The Formal Theory Of Probability, Interpretations Of Probability, Some Recent Developments, Some Applications Of Probability



"Probability is the very guide of life," Bishop Butler wrote in 1736. Probability judgments of the efficacy and side effects of a pharmaceutical drug determine whether it is approved for release to the public. The outcome of a civil trial hinges on the jurors' opinions about the probabilistic weight of evidence. Geologists calculate the probability that an earthquake of a certain intensity will hit a given city, and engineers accordingly build skyscrapers with specified probabilities of withstanding such earthquakes. Probability undergirds even measurement itself, since the error bounds that accompany measurements are essentially probabilistic confidence intervals. We find probability wherever we find uncertainty—that is, almost everywhere in our lives.
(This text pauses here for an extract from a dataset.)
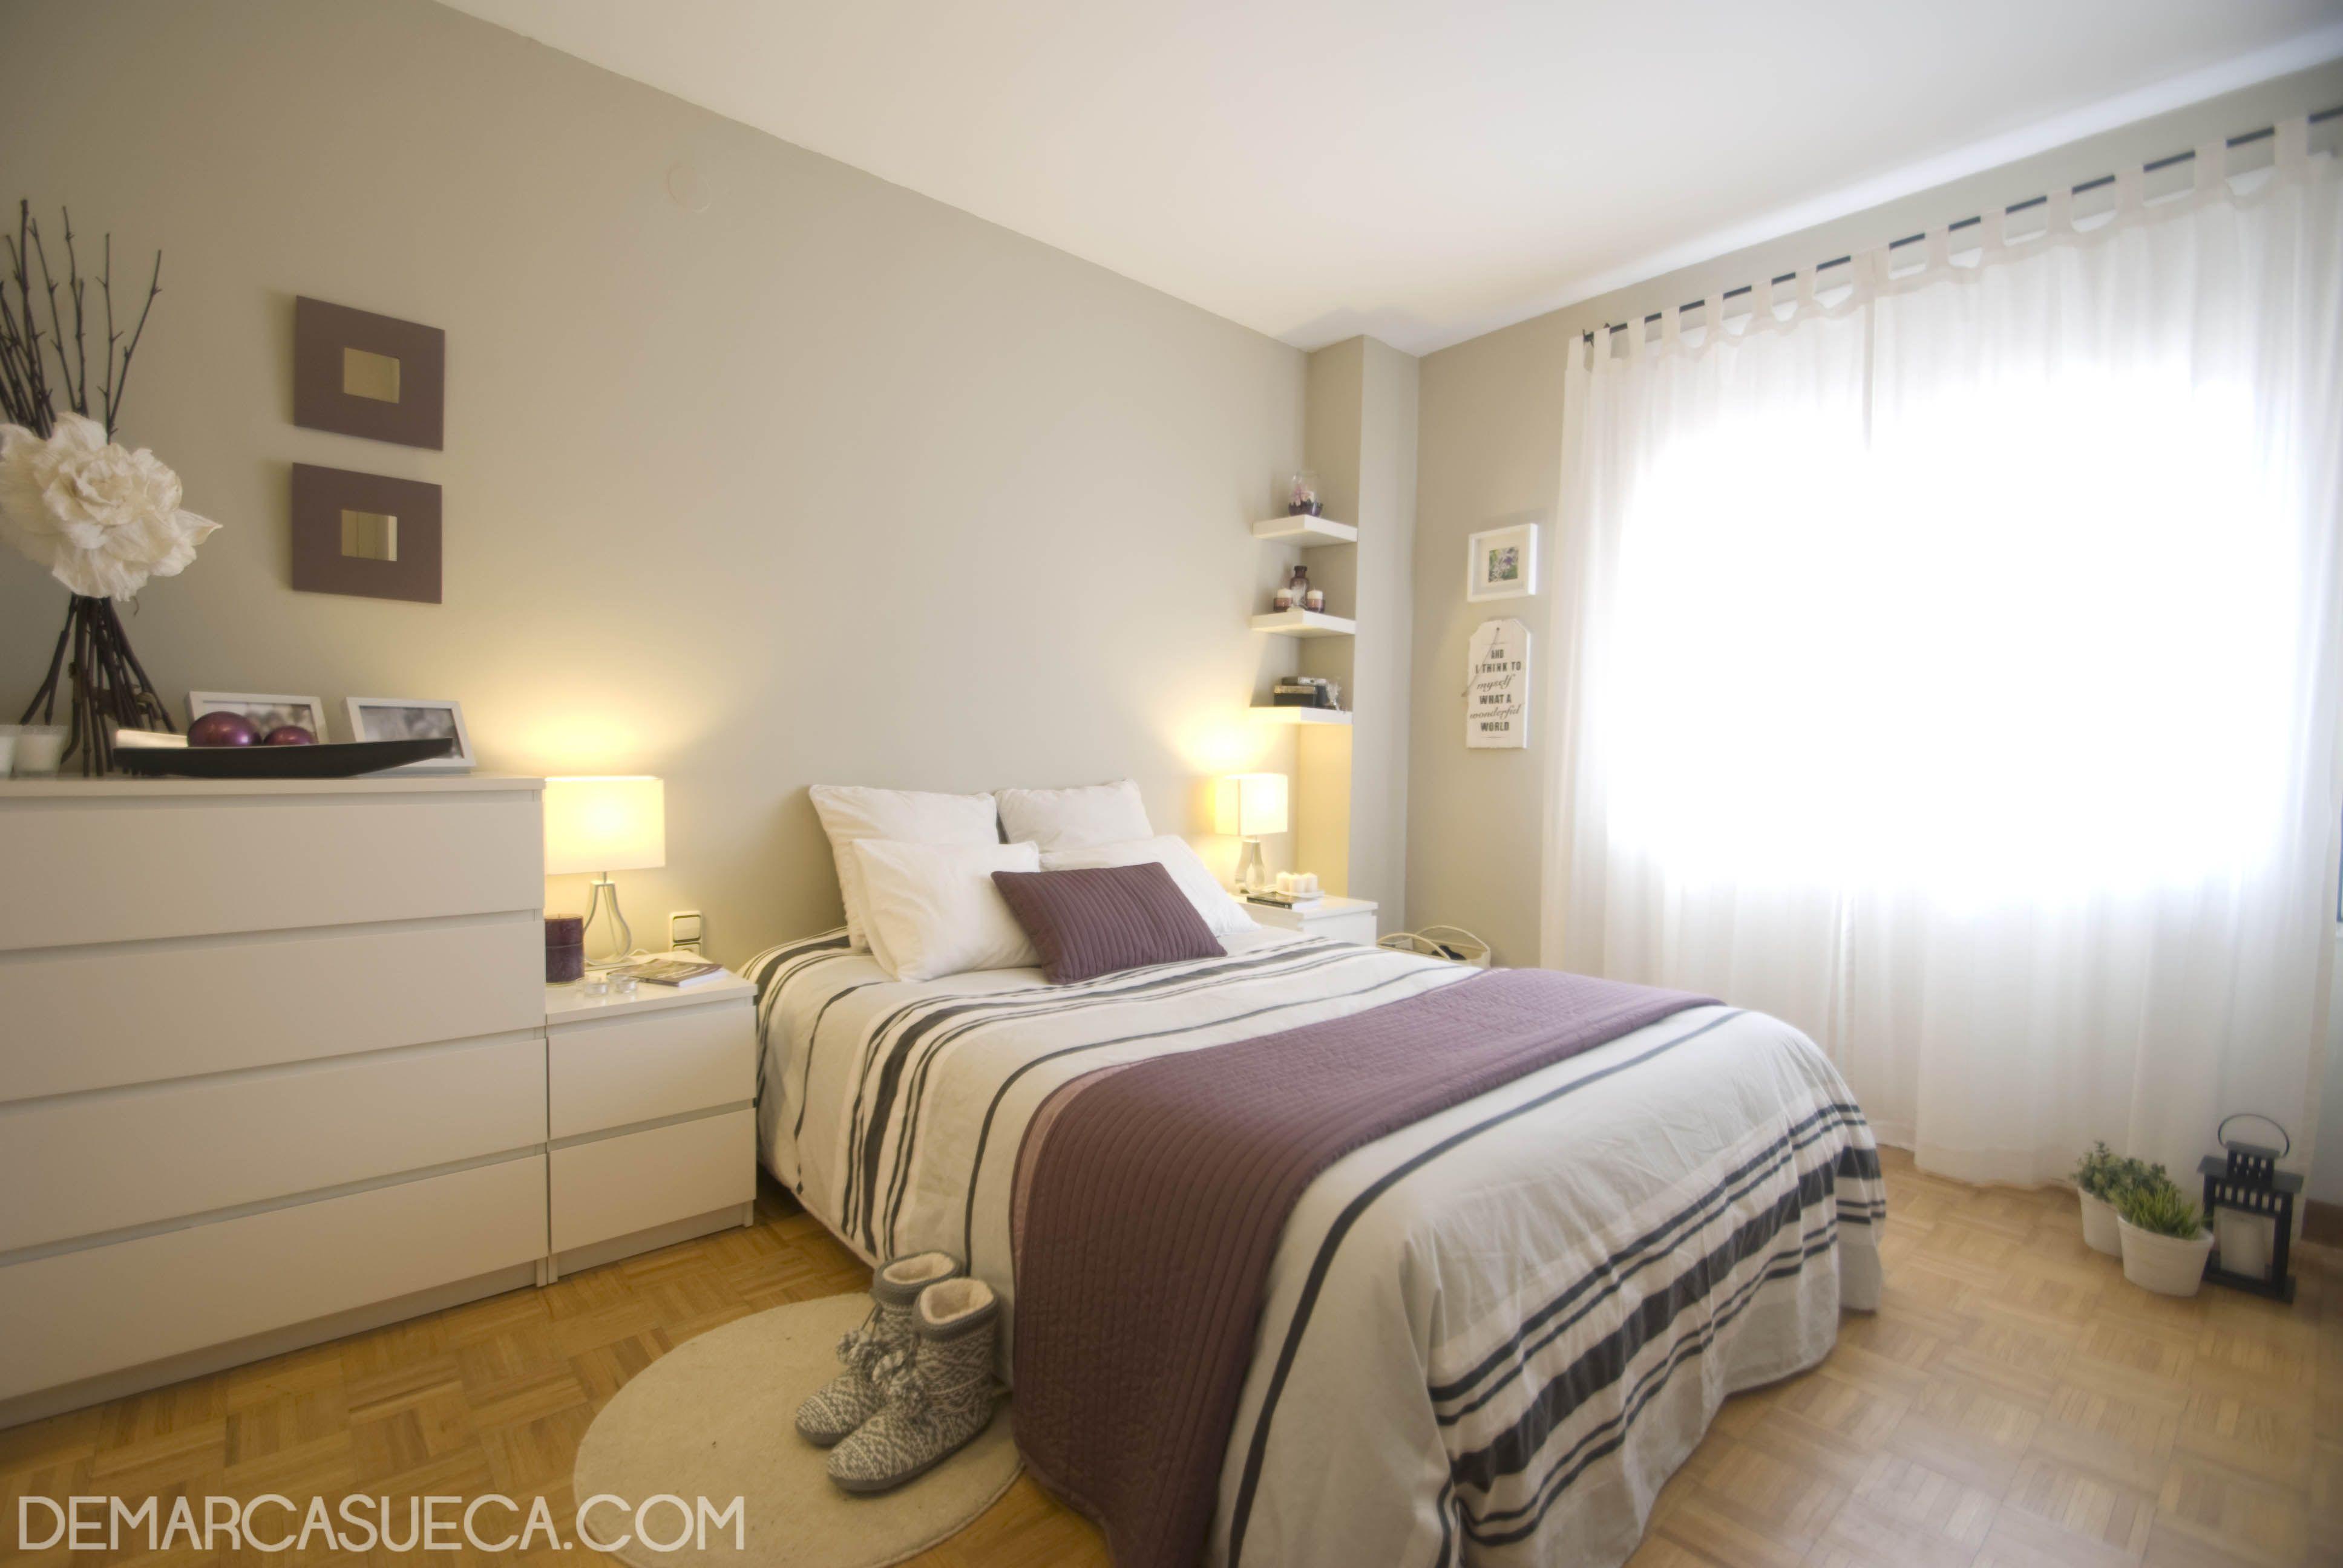 Habitaci n de matrimonio con mobiliario malm de ikea for Amueblar habitacion matrimonio

It is surprising, then, that probability arrived comparatively late on the intellectual scene. To be sure, a notion of randomness was known to the ancients. Epicurus, and later Lucretius, believed that atoms occasionally underwent indeterministic swerves. The twelfth-century Arabic philosopher Averroës's notion of "equipotency" might be regarded as a precursor to probabilistic notions. But probability theory was not conceived until the seventeenth century, in the correspondence between Pierre de Fermat and Blaise Pascal and in the Port-Royal Logic. Over the next three centuries, the theory was developed by such authors as Christian Huygens, Jacob Bernoulli, Thomas Bayes, Pierre Simon Laplace, the Marquis de Condorcet, Abraham de Moivre, John Venn, William Johnson, and John Maynard Keynes. Arguably, the crowning achievement was Andrei Kolmogorov's axiomatization in 1933, which put probability on a rigorous mathematical footing.